In the example below, if we were to manually set the dynamic range to [-5, 5] all values outside that will either be mapped to -127 or to 127 regardless of their value:
The major advantage is that the quantization error of the non-outliers is reduced significantly. However, the quantization error of outliers increases.
In the example, I showed a naive method of choosing an arbitrary range of [-5, 5]. The process of selecting this range is known as calibration which aims to find a range that includes as many values as possible while minimizing the quantization error.

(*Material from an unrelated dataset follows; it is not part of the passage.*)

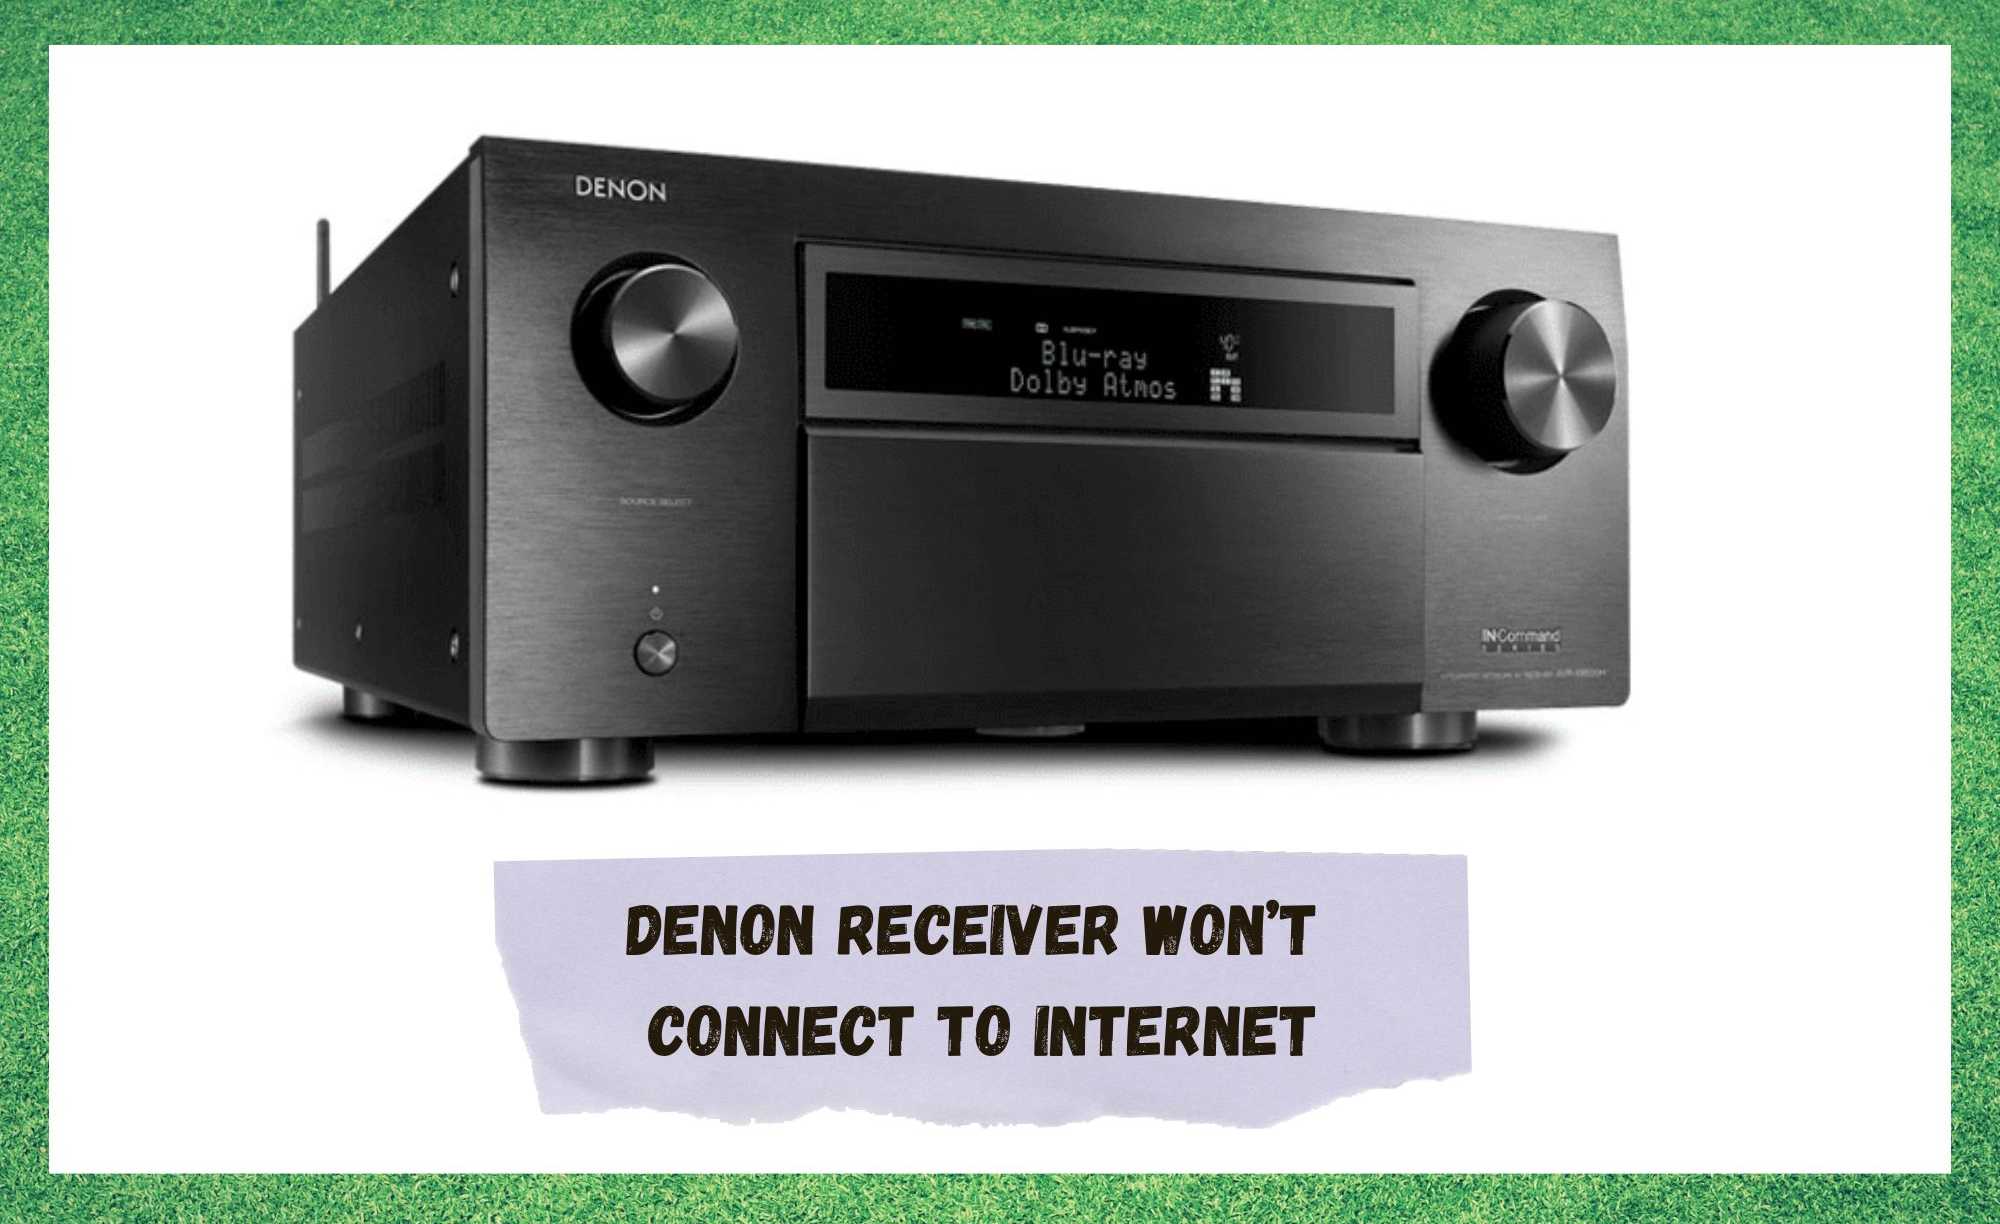 denon receiver won't connect to internet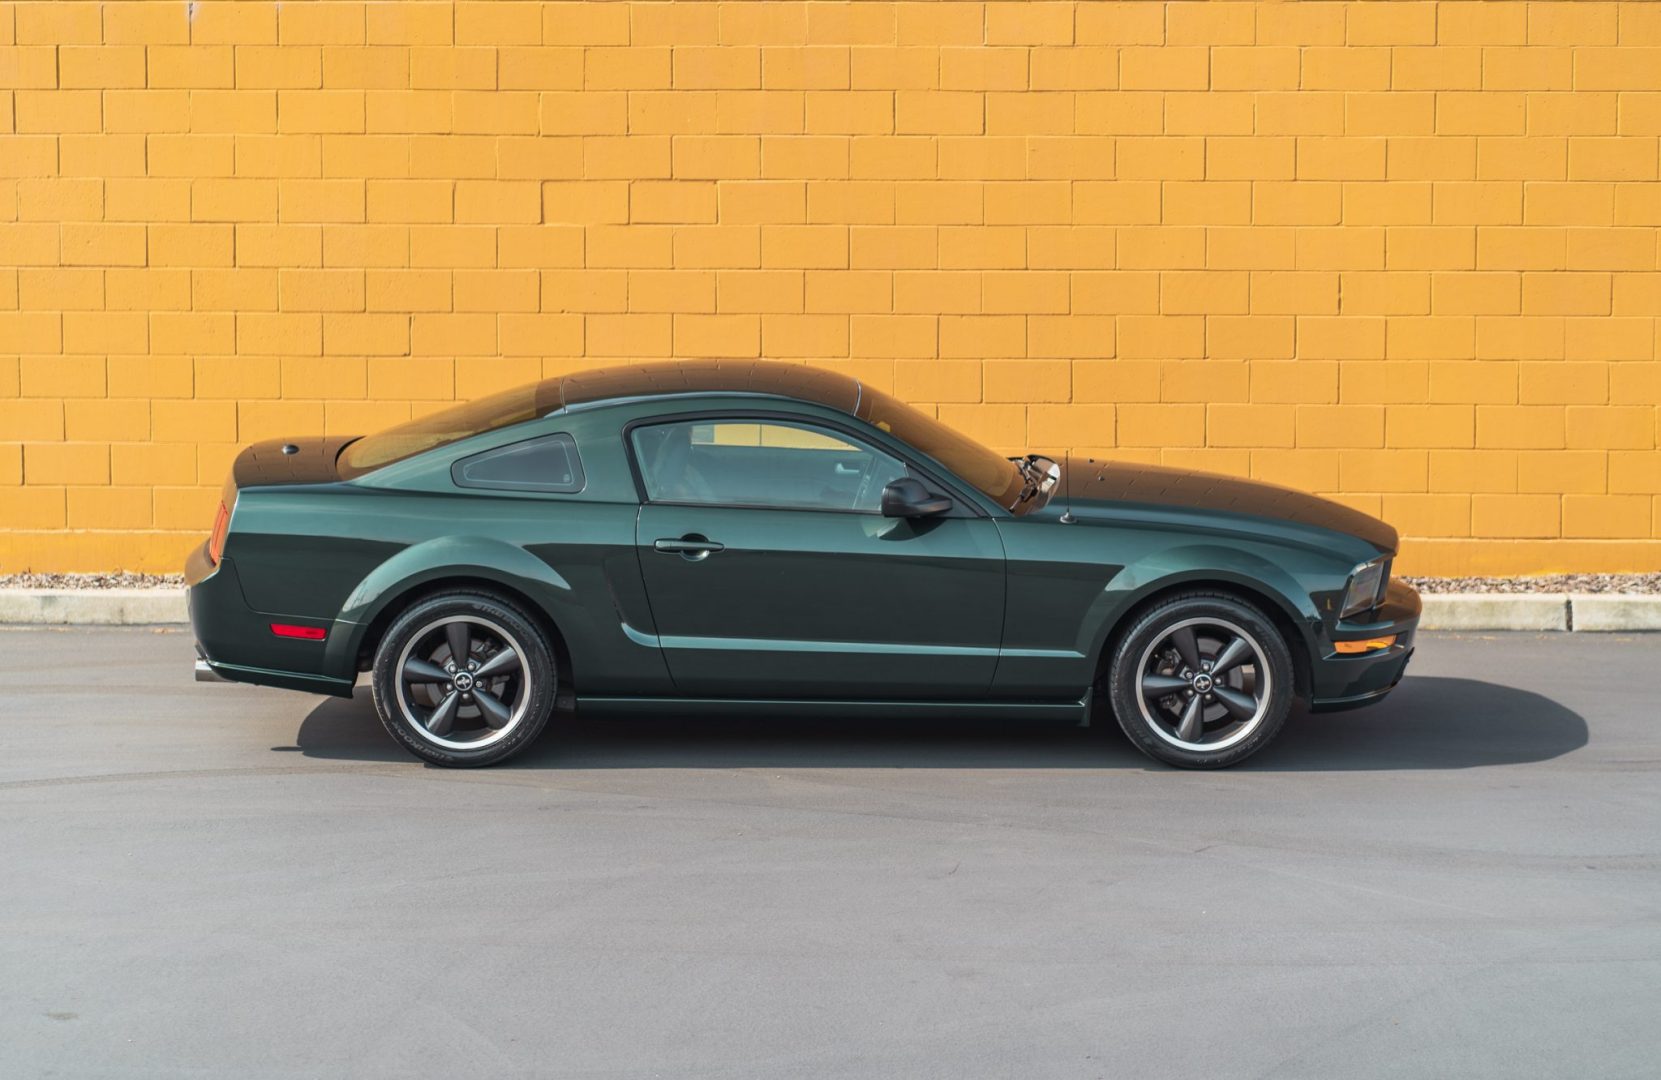 2008 Ford Mustang Bullitt, 5 Speed, Original, 66K Miles, Sold!

Performing this calibration step is not equal for all types of parameters.
We can view the weights and biases of an LLM as static values since they are known before running the model. For instance, the ~20GB file of Llama 3 consists mostly of its weight and biases.
Since there are significantly fewer biases (millions) than weights (billions), the biases are often kept in higher precision (such as INT16), and the main effort of quantization is put towards the weights.
For weights, which are static and known, calibration techniques for choosing the range include:
-
Manually chosing a percentile of the input range
-
Optimize the mean squared error (MSE) between the original and quantized weights.
-
Minimizing entropy (KL-divergence) between the original and quantized values
Choosing a percentile, for instance, would lead to similar clipping behavior as we have seen before.
The input that is continuously updated throughout the LLM is typically referred to as “activations”.
Unlike weights, activations vary with each input data fed into the model during inference, making it challenging to quantize them accurately.
Since these values are updated after each hidden layer, we only know what they will be during inference as the input data passes through the model.
Broadly, there are two methods for calibrating the quantization method of the weights and activations:
-
Post-Training Quantization (PTQ)
-
Quantization after training
-
-
Quantization Aware Training (QAT)
-
Quantization during training/fine-tuning
-
One of the most popular quantization techniques is post-training quantization (PTQ). It involves quantizing a model’s parameters (both weights and activations) after training the model.
Quantization of the weights is performed using either symmetric or asymmetric quantization.
Quantization of the activations, however, requires inference of the model to get their potential distribution since we do not know their range.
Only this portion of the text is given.